The total number of coins taken=31

The minimum possible weight is 310gm , but given total weight of the coins is 323gm.

We need 13gm, which is possible with only 1st bag, 3rd bag and 4th bag.

Ans: 1×3×4=12

1 vote
There are 5 bags numbered 1 to 5.

We don't know how many bags contain 10 gm and
11 gm coins.

We only know that the total weights of coins is 323.

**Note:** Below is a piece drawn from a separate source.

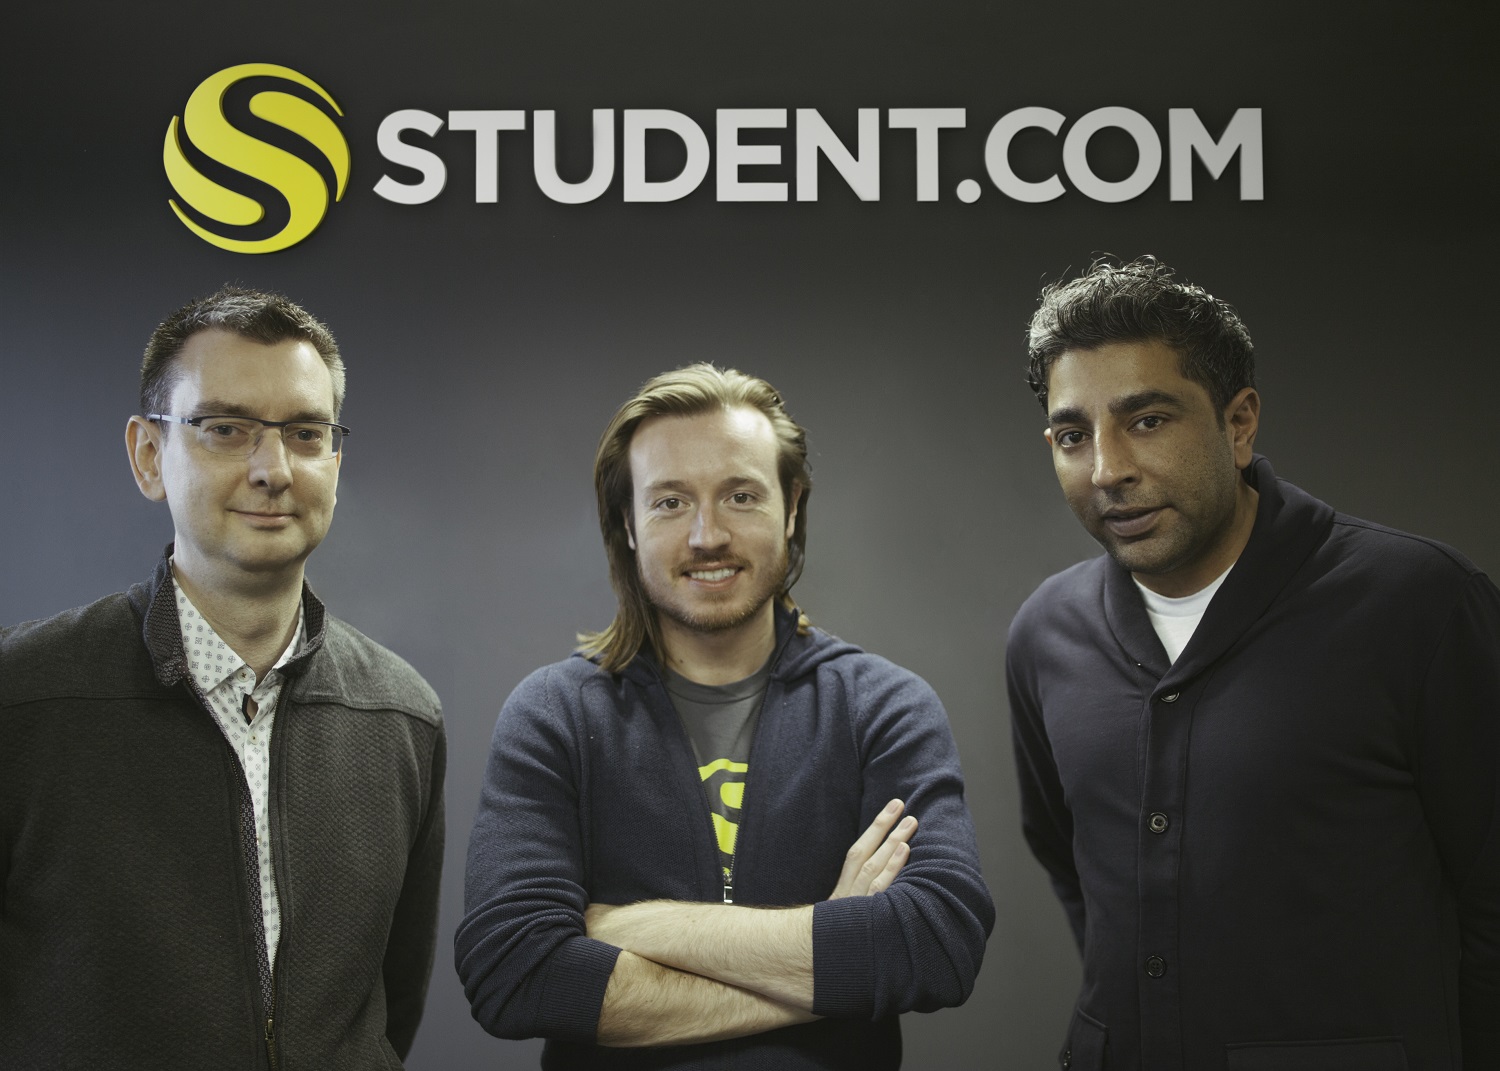 Student.com recibe 10 millones de dólares de financiación
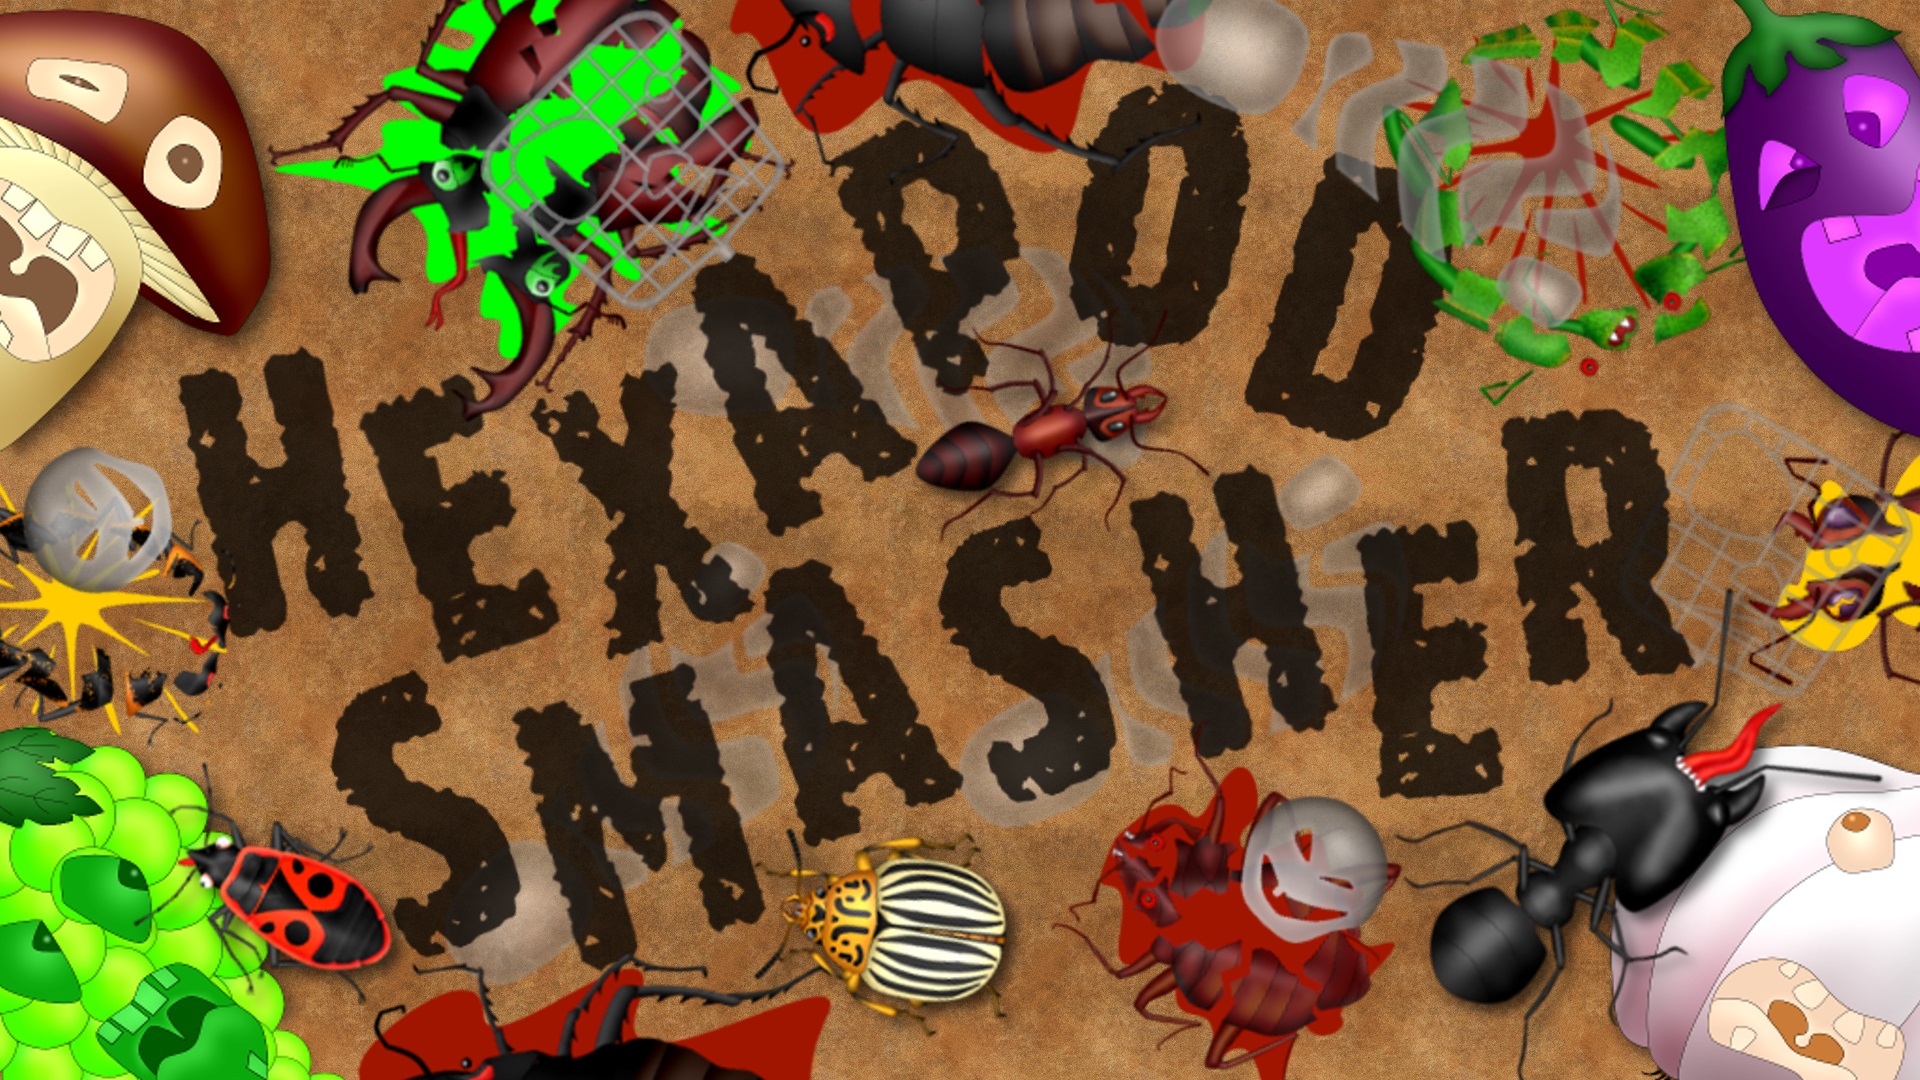 Hexapod Smasher

Now the idea here is to get 3 in the place of total
sum's unit digit.

Mark no 1 bag as having 11 gm coins.
Mark no 2 bag as having 10 gm coins.
Mark no 3 bag as having 11 gm coins.
Mark no 4 bag as having 11 gm coins.
Mark no 5 bag as having 10 gm coins.

Note: The above marking is done after getting false
results for some different permutations, the permutations
which were giving 3 in the unit place of the total sum.

Now, we have picked 1, 2, 4, 8, 16 coins respectively
from bags 1 to 5.

Hence total sum coming from each bag from 1 to 5 is 11,
20, 44, 88, 160 gm respectively.

For the above combination we are getting 3 as unit digit
in sum.

Lets find out the total sum, it's 11 + 20 + 44 + 88 + 160 = 323.

So it's coming right.

Now 11 gm coins containing bags are 1, 3 and 4.
Hence, the product is : 1 x 3 x 4 = 12.
1 vote
Total weight given is 323. We can get 3 at the end only by multiple of 11. If we take 3 coins we get weight distribution as-

290+33= 323.

We can have bag 1 and bag 2 for having 3 coins of weight 11 but remaining 4,8,16 coins of weight 10 account to only 280.

So our only choice left is to have 13 coins of weight 11.

11*13=143

323-143=180. The remaining coins 16+2=18*10=180.

Hence bag 1,3,4 contains coins of weight 11. So 12 is the answer.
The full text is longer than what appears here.